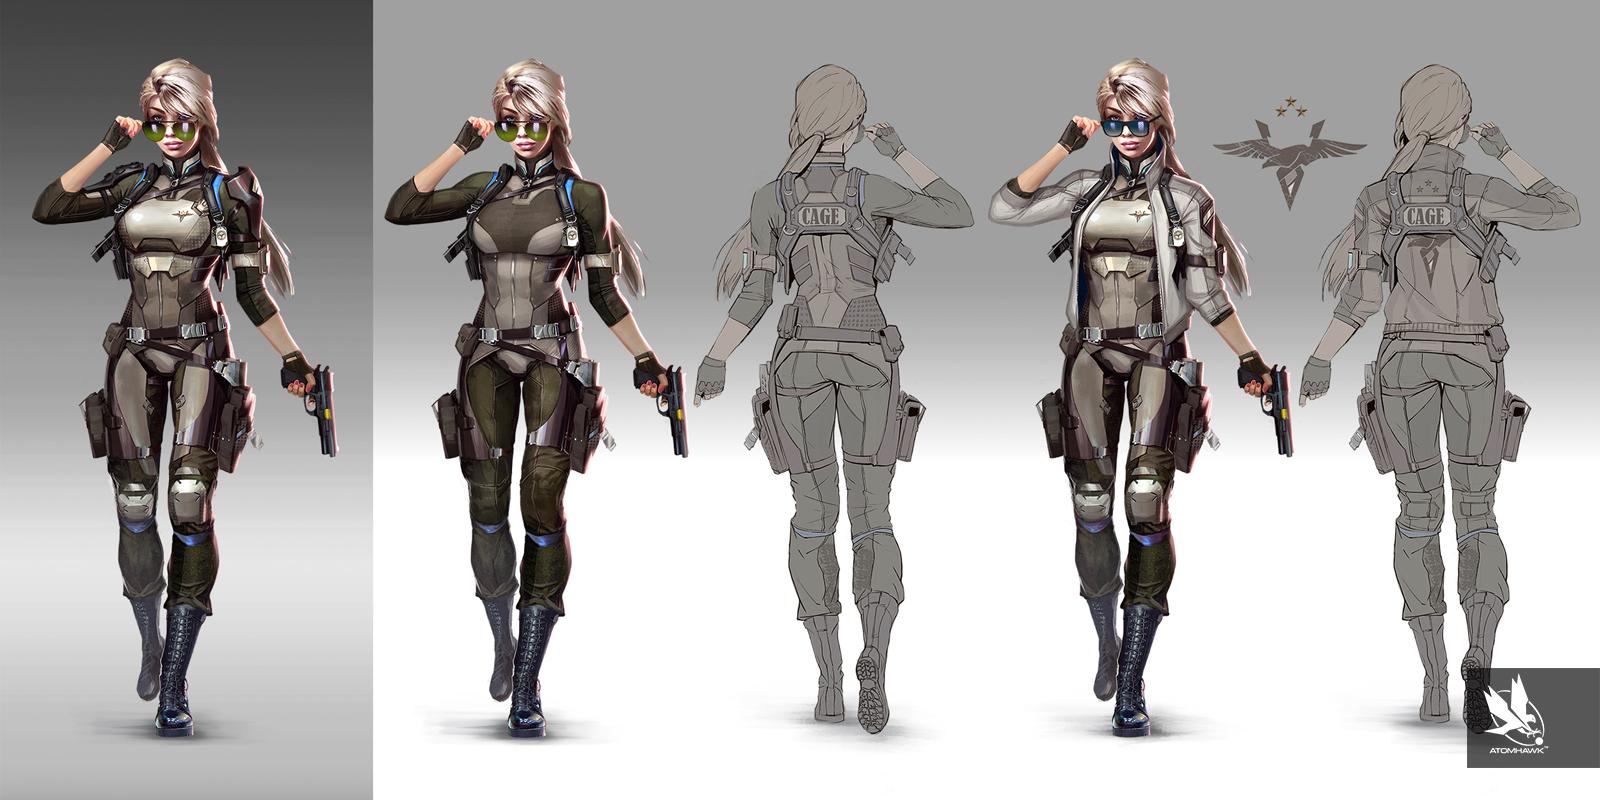 Atomhawk_Warner-Bros-NetherRealm_Mortal-Kombat-11_Concept-Art_Character-Design_Cassie-Cage_Present_1.jpg
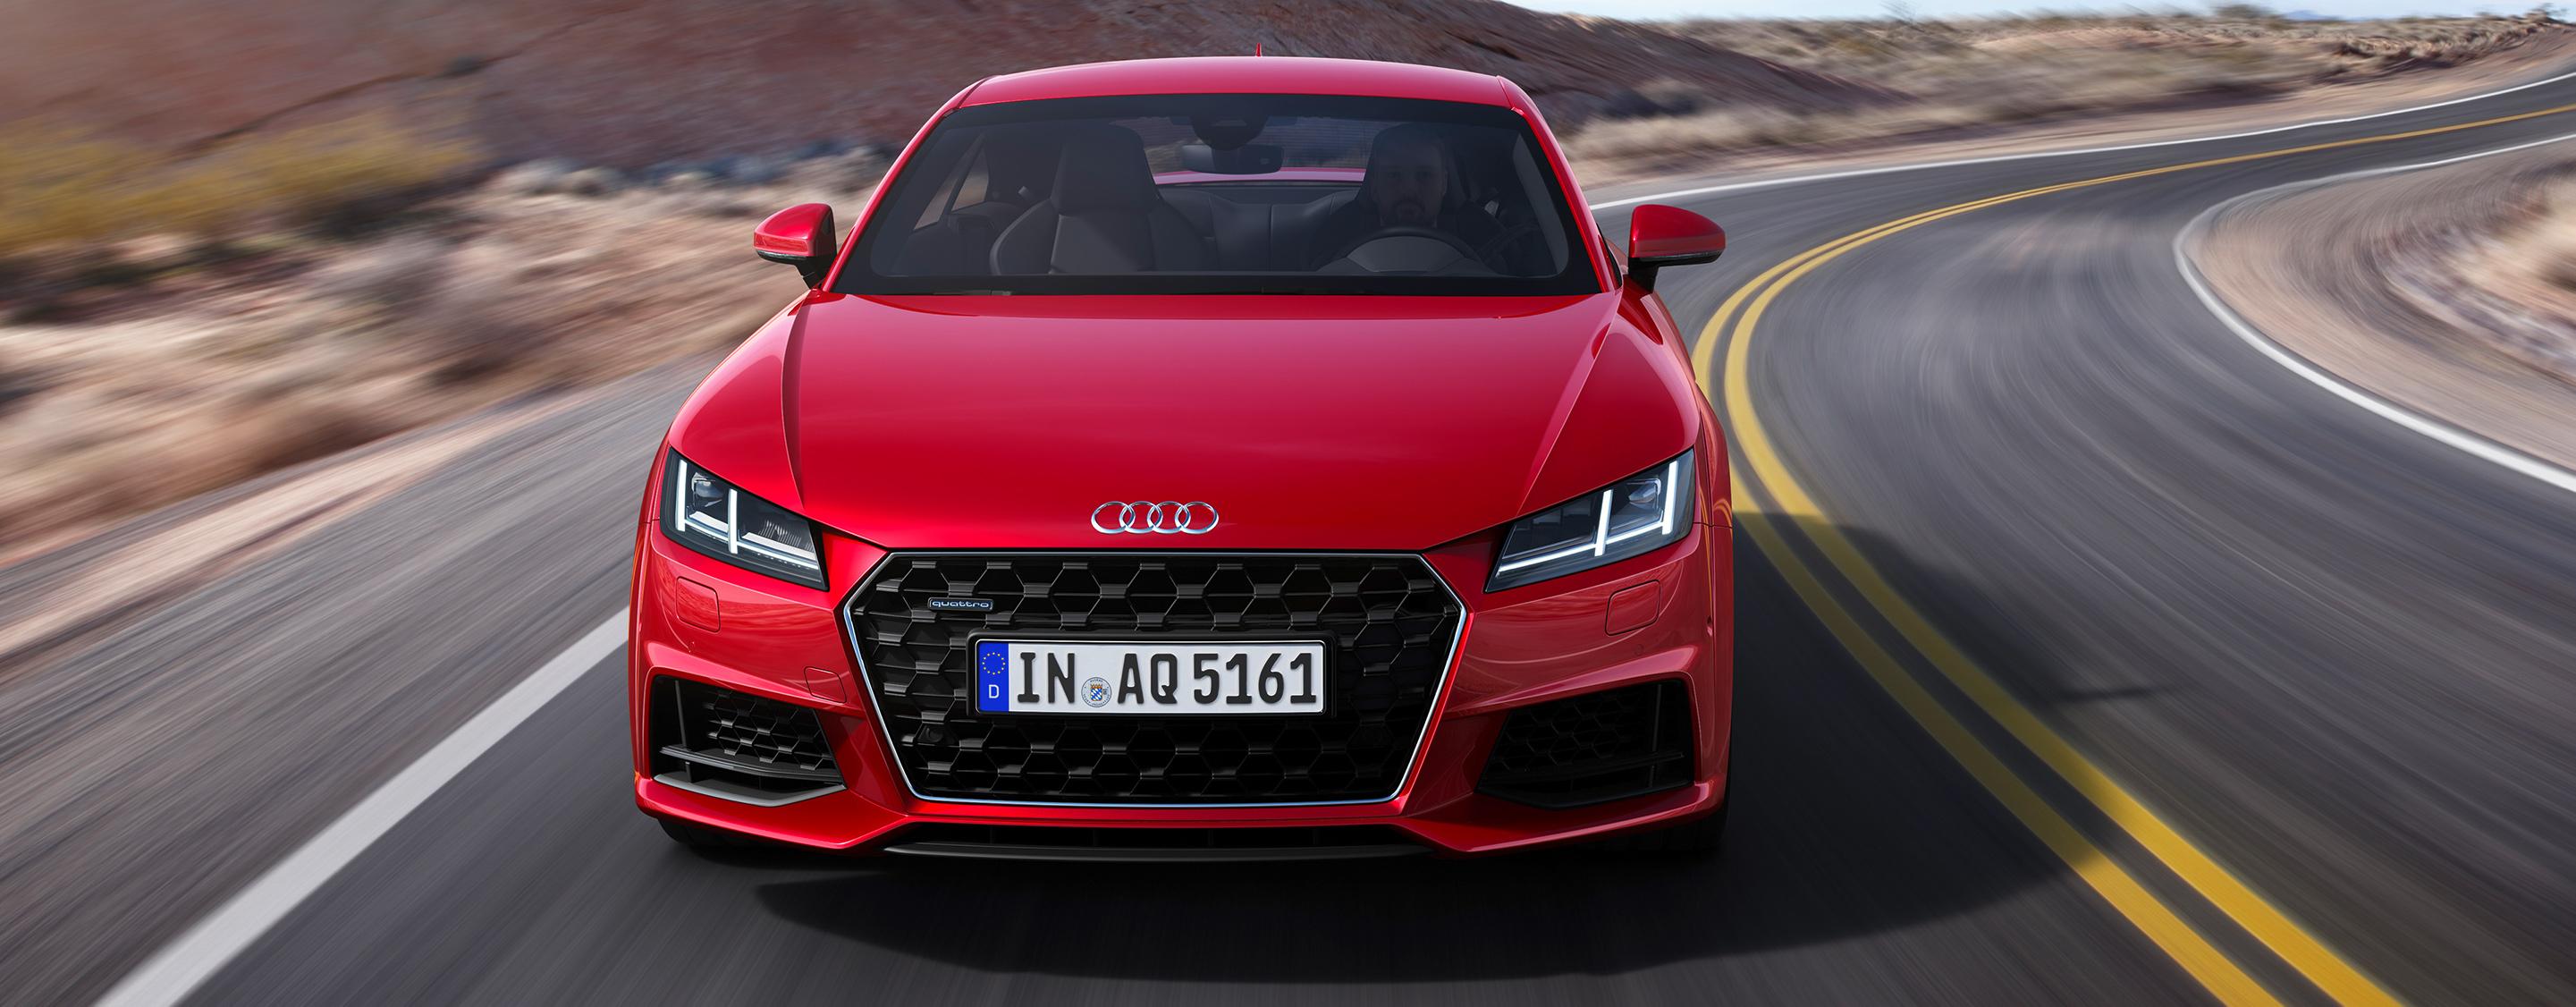 TrackWorthy-2019-Audi-TT-Coupe-11
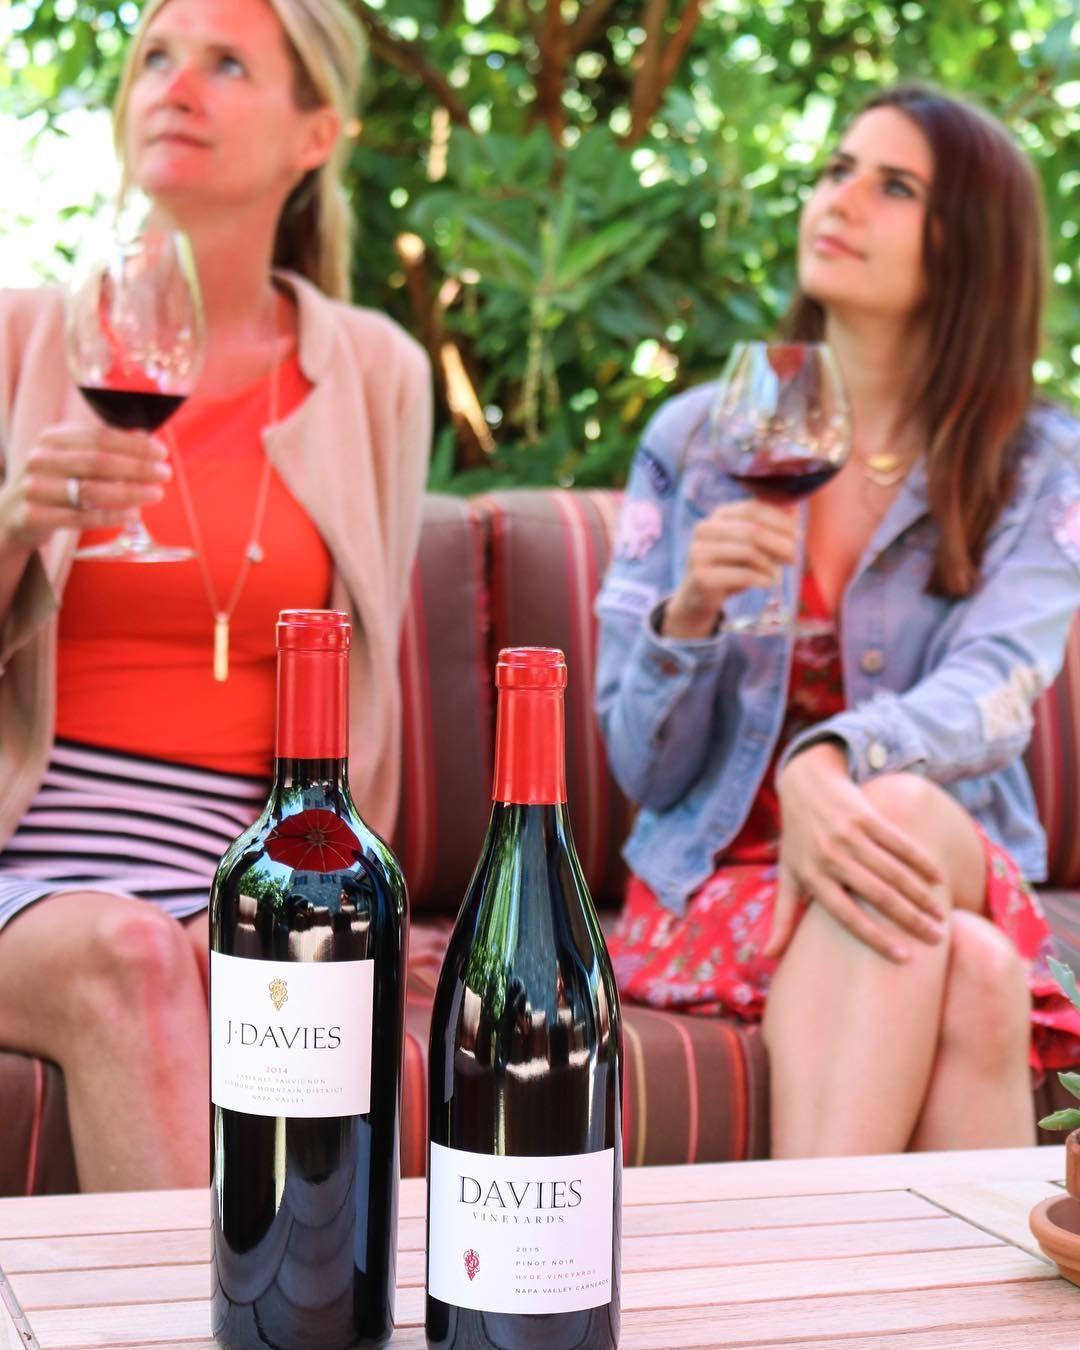 Davies Vineyards St Helena Ca What Rhymes Wine Recipes Wine Country
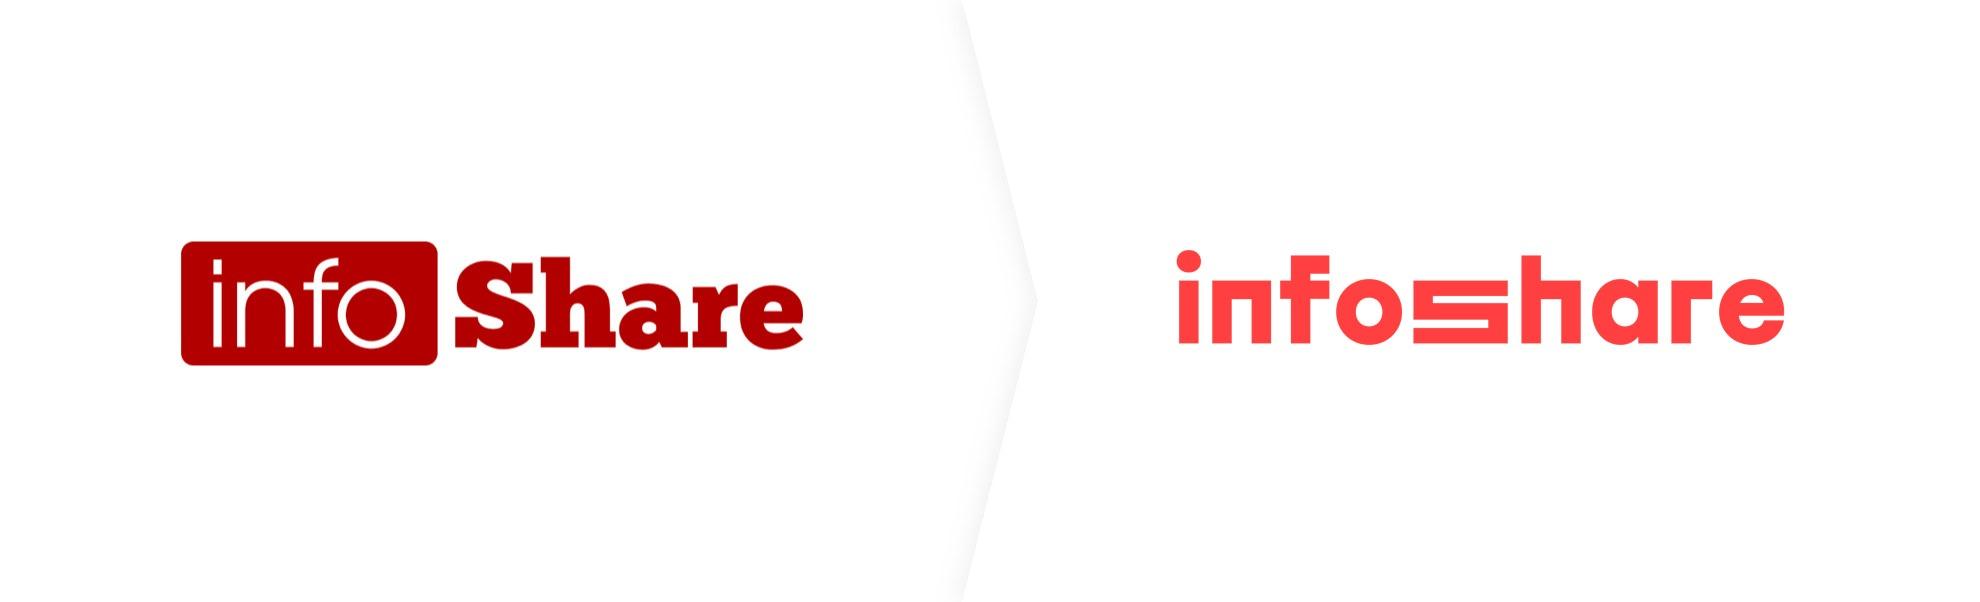 Stare i nowe logo InfoShare

-----

## PROBLEM DETAILS:
From the first line of the material to the last, retype everything exactly except the images.

## YOUR RESPONSE:
 Atomhawk_Warner-Bros-NetherRealm_Mortal-Kombat-11_Concept-Art_Character-Design_Cassie-Cage_Present_1.jpg
 TrackWorthy-2019-Audi-TT-Coupe-11
 Davies Vineyards St Helena Ca What Rhymes Wine Recipes Wine Country
 Stare i nowe logo InfoShare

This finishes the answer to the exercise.